Photo credit: Amina Wako | Nation Media Group

Among people living with type 2 diabetes, an estimated 63 million people need insulin as part of their treatment, but only about half are treated with it.

In 2013, WHO predicted that diabetes would rise to 4.5 per cent from 3.3 per cent in Kenya by 2025.

The report further reveals that insulins and associated devices are neither available nor affordable if available in many countries.
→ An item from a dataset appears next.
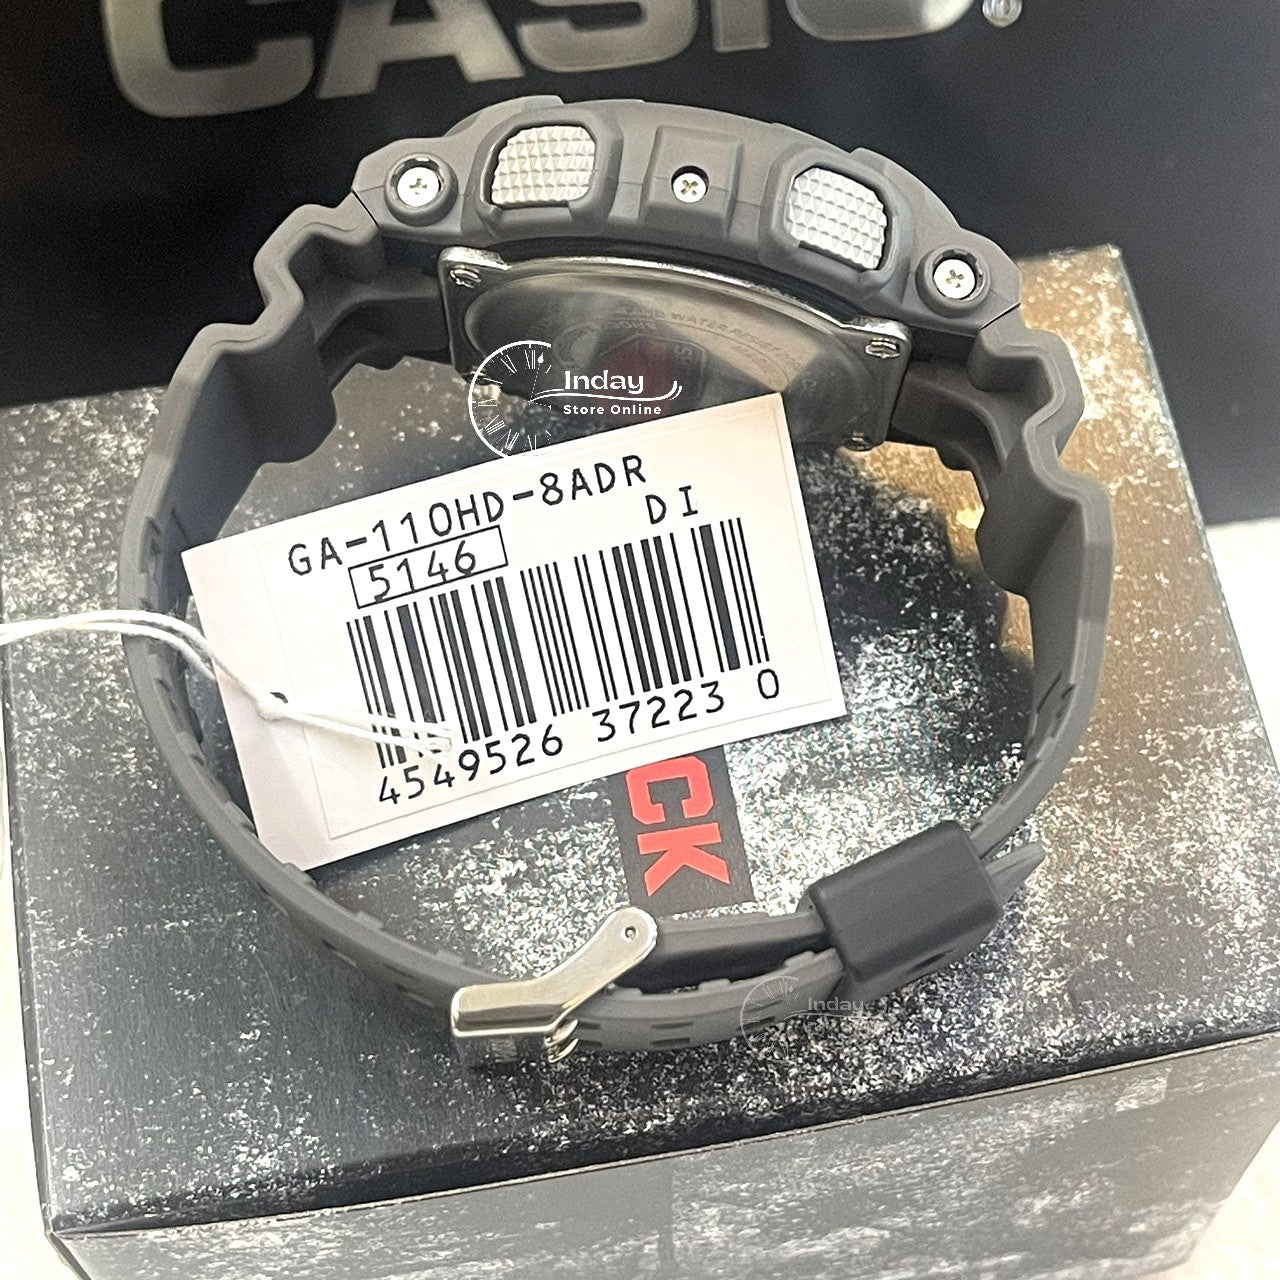 Casio G-Shock Men's Watch GA-110HD-8A
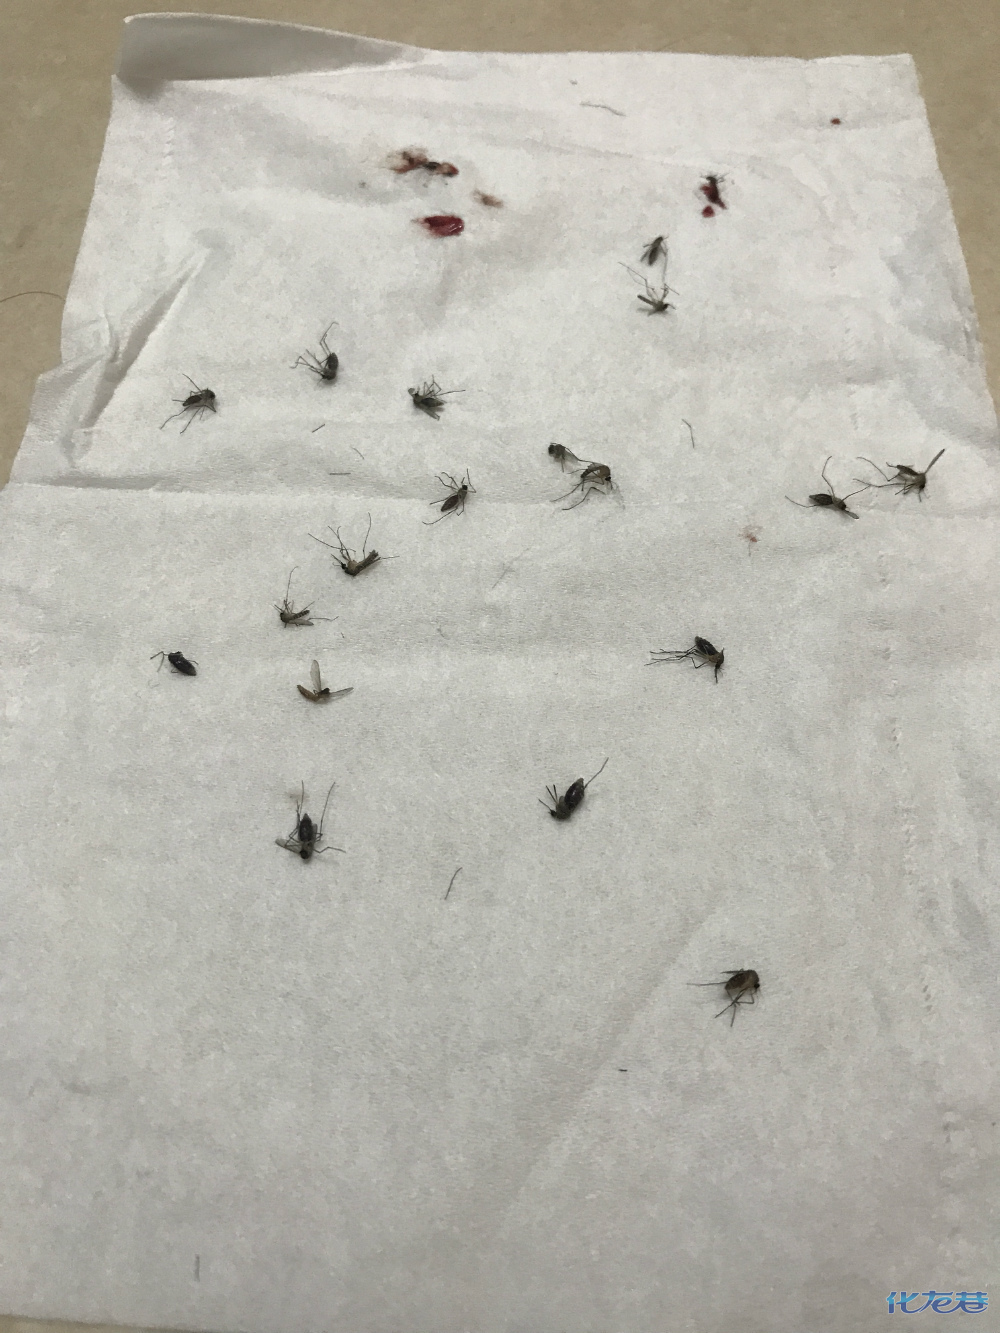 5分钟打死20只吃饱的蚊子,为什么那么多人,蚊子

“One of the reasons for this may be due to the significant market shift in the types of insulin being used. Since the introduction of higher-priced insulin analogs in the 2000s, their use has increased in place of human insulin. While this trend has been observed initially in high and middle-income countries, it is now being seen in low-income countries. This shift is concerning for several reasons,” the report reads in part.

The report has recommended that insulin be made accessible globally through better policies and targeted interventions.

“This would have an immediate effect on the disease burden associated with diabetes and improve the lives of millions of people. Implementing such actions would allow the global community to carry on the legacy and goodwill of the discoverers of insulin and keep their promise that insulin belongs to the world,” the report read in part.